**Problem**: In the listing, locate the line containing "ecfb21009 New Arrival", then quote it and all following lines exactly. Omit pictures.

**Information supplied**:
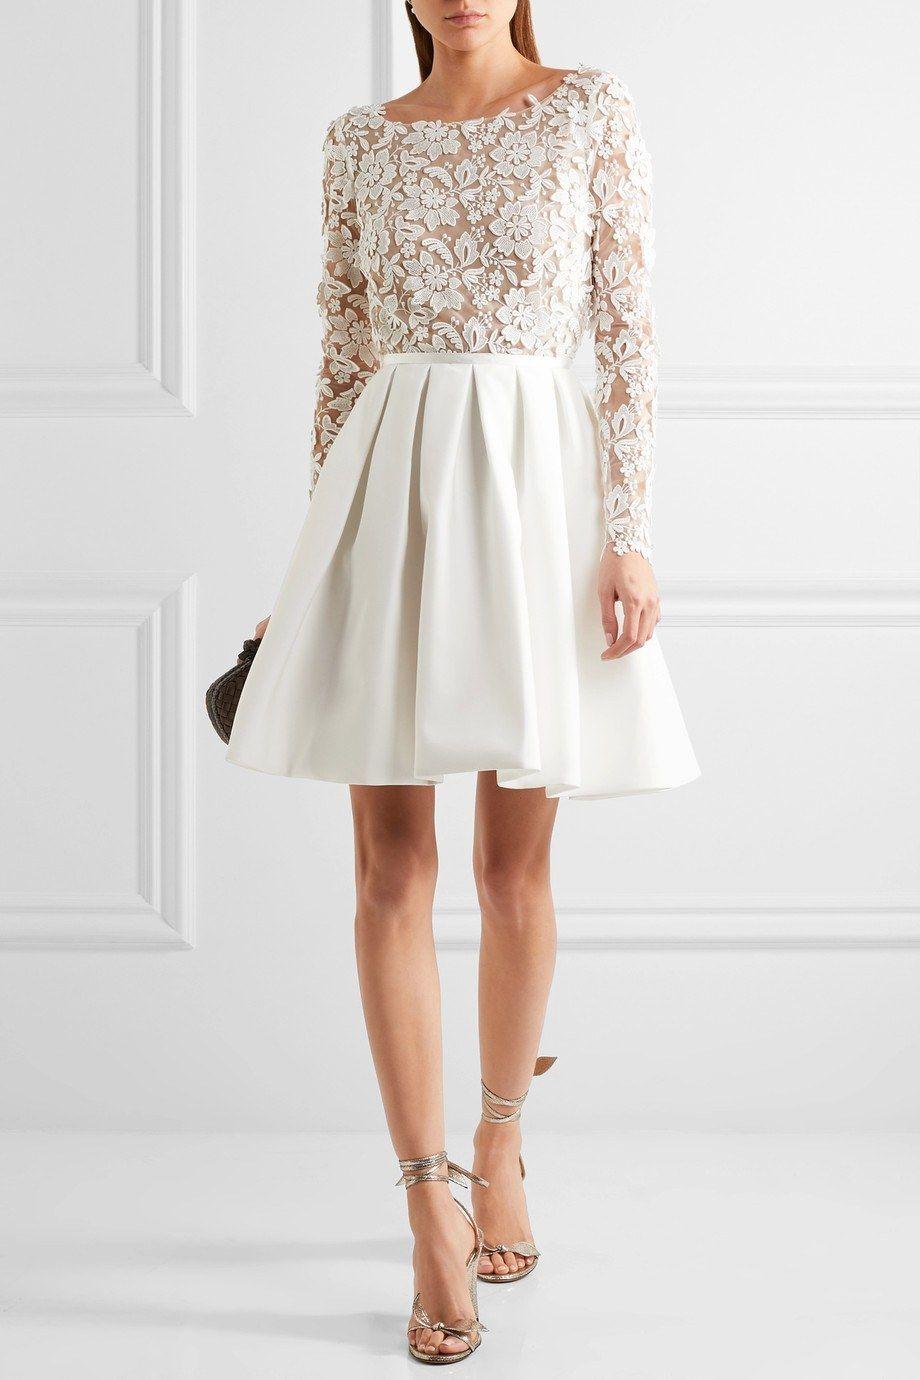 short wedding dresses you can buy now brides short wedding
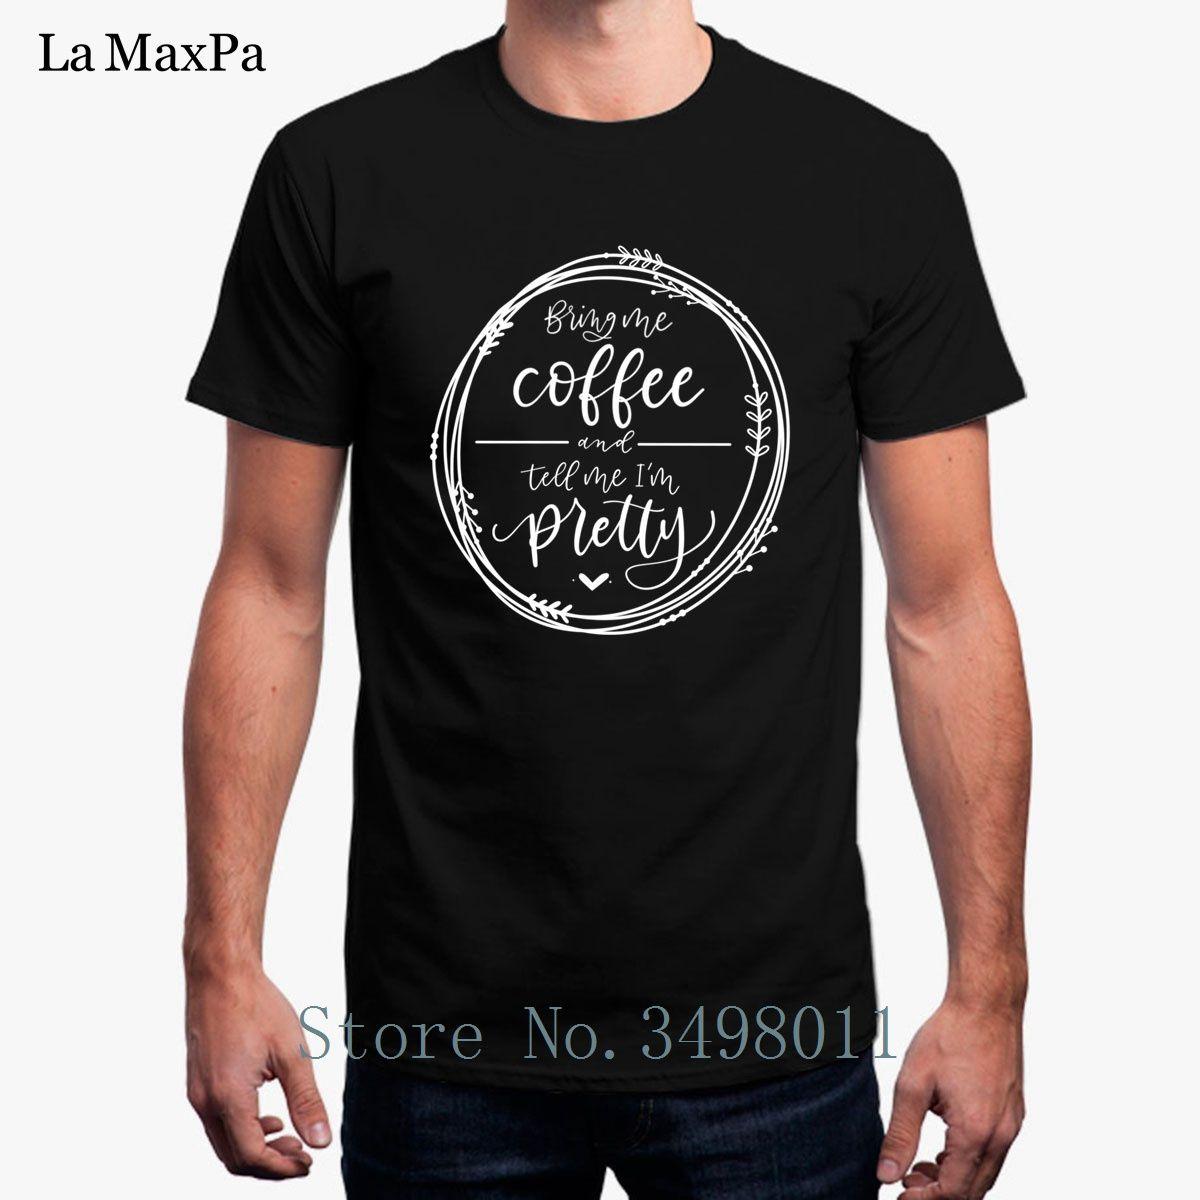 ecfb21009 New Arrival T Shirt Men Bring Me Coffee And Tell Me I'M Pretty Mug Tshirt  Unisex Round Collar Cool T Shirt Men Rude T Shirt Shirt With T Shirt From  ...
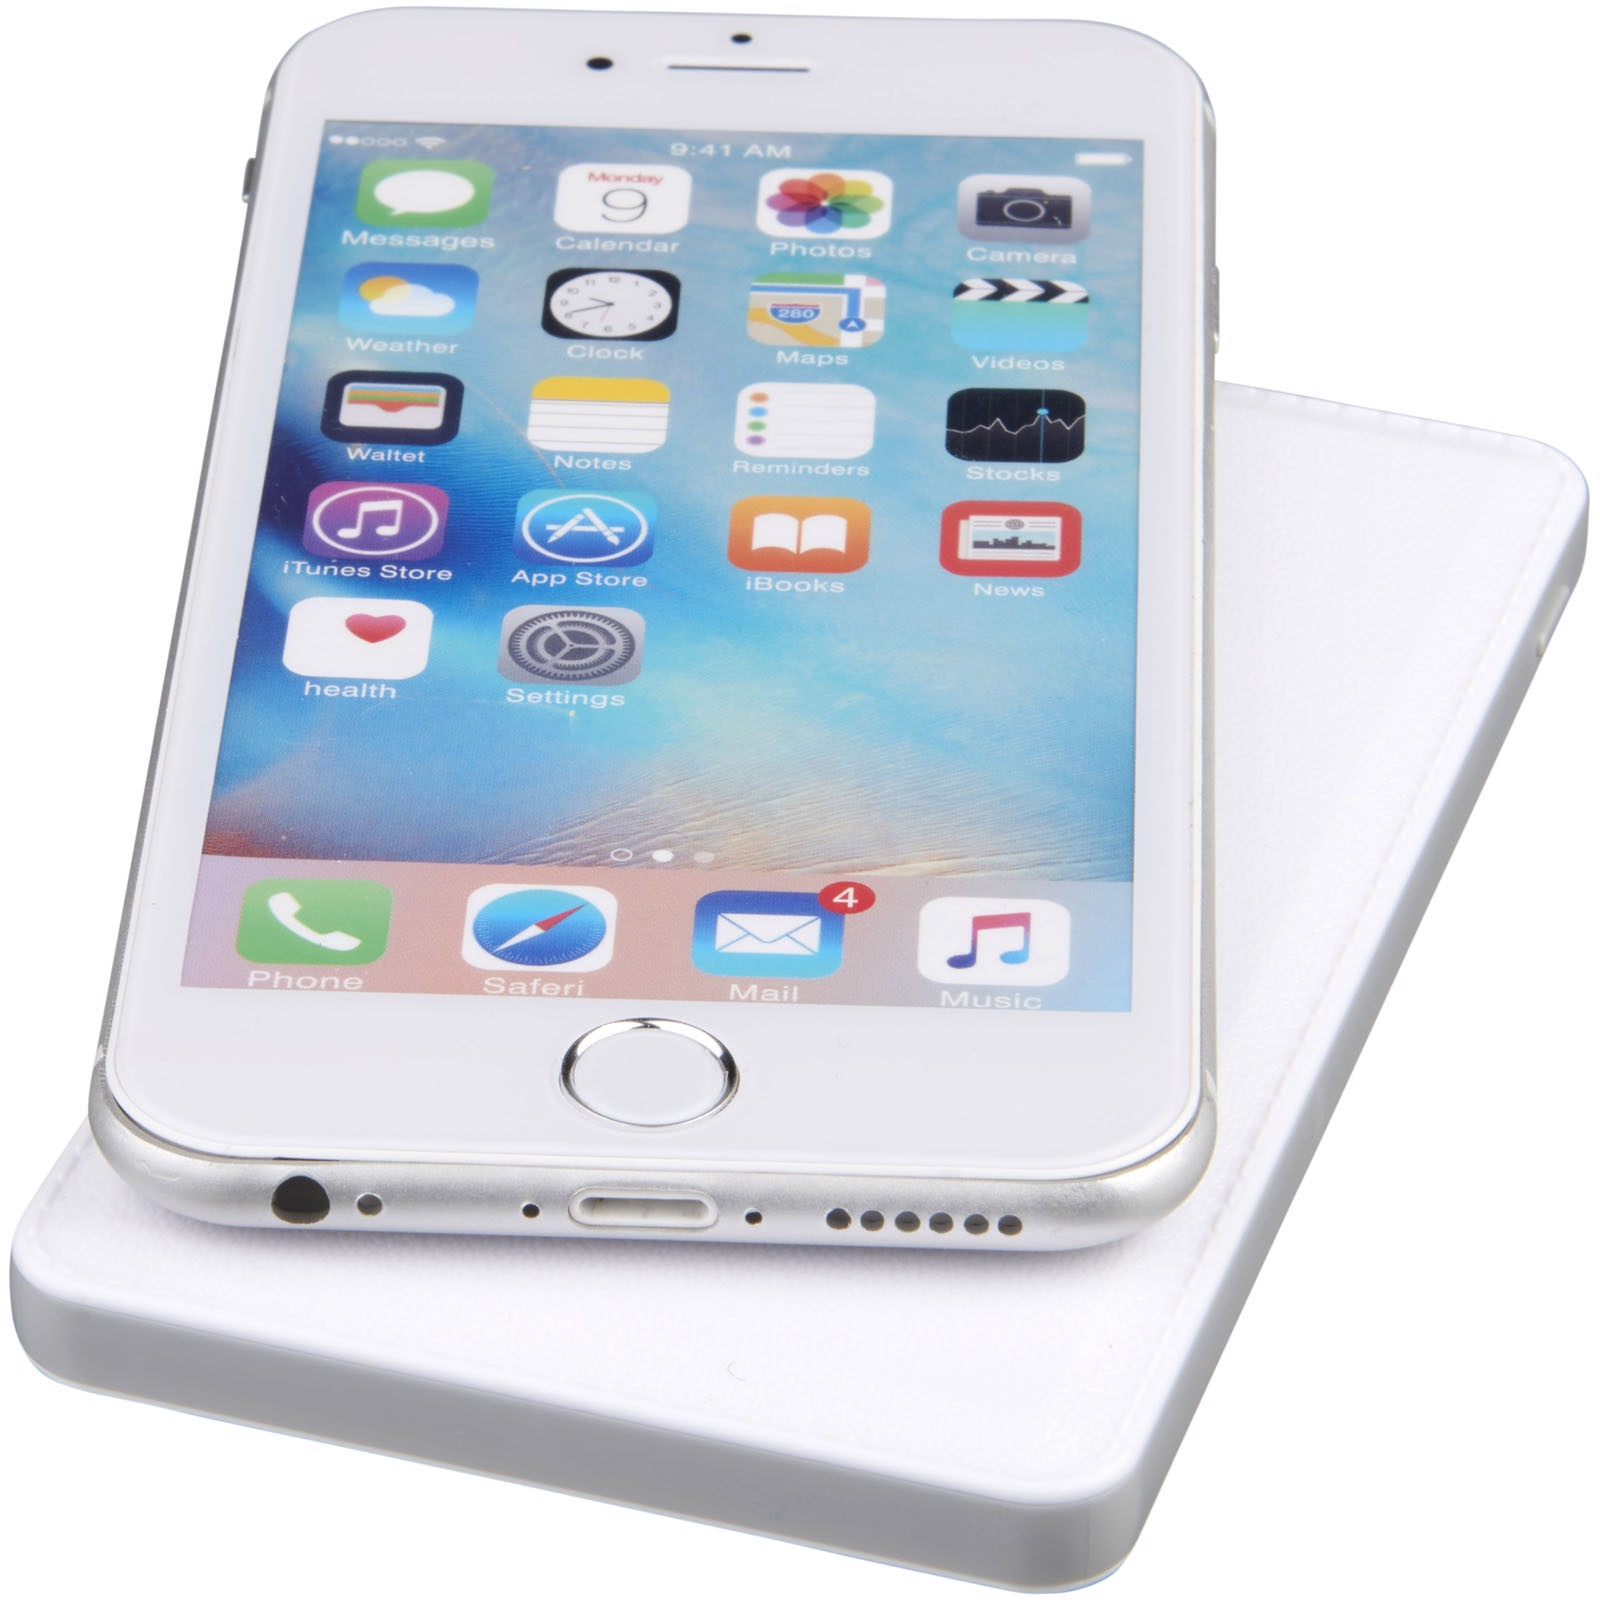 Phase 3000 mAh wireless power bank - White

**Task response**:
 ecfb21009 New Arrival T Shirt Men Bring Me Coffee And Tell Me I'M Pretty Mug Tshirt  Unisex Round Collar Cool T Shirt Men Rude T Shirt Shirt With T Shirt From  ...
 Phase 3000 mAh wireless power bank - White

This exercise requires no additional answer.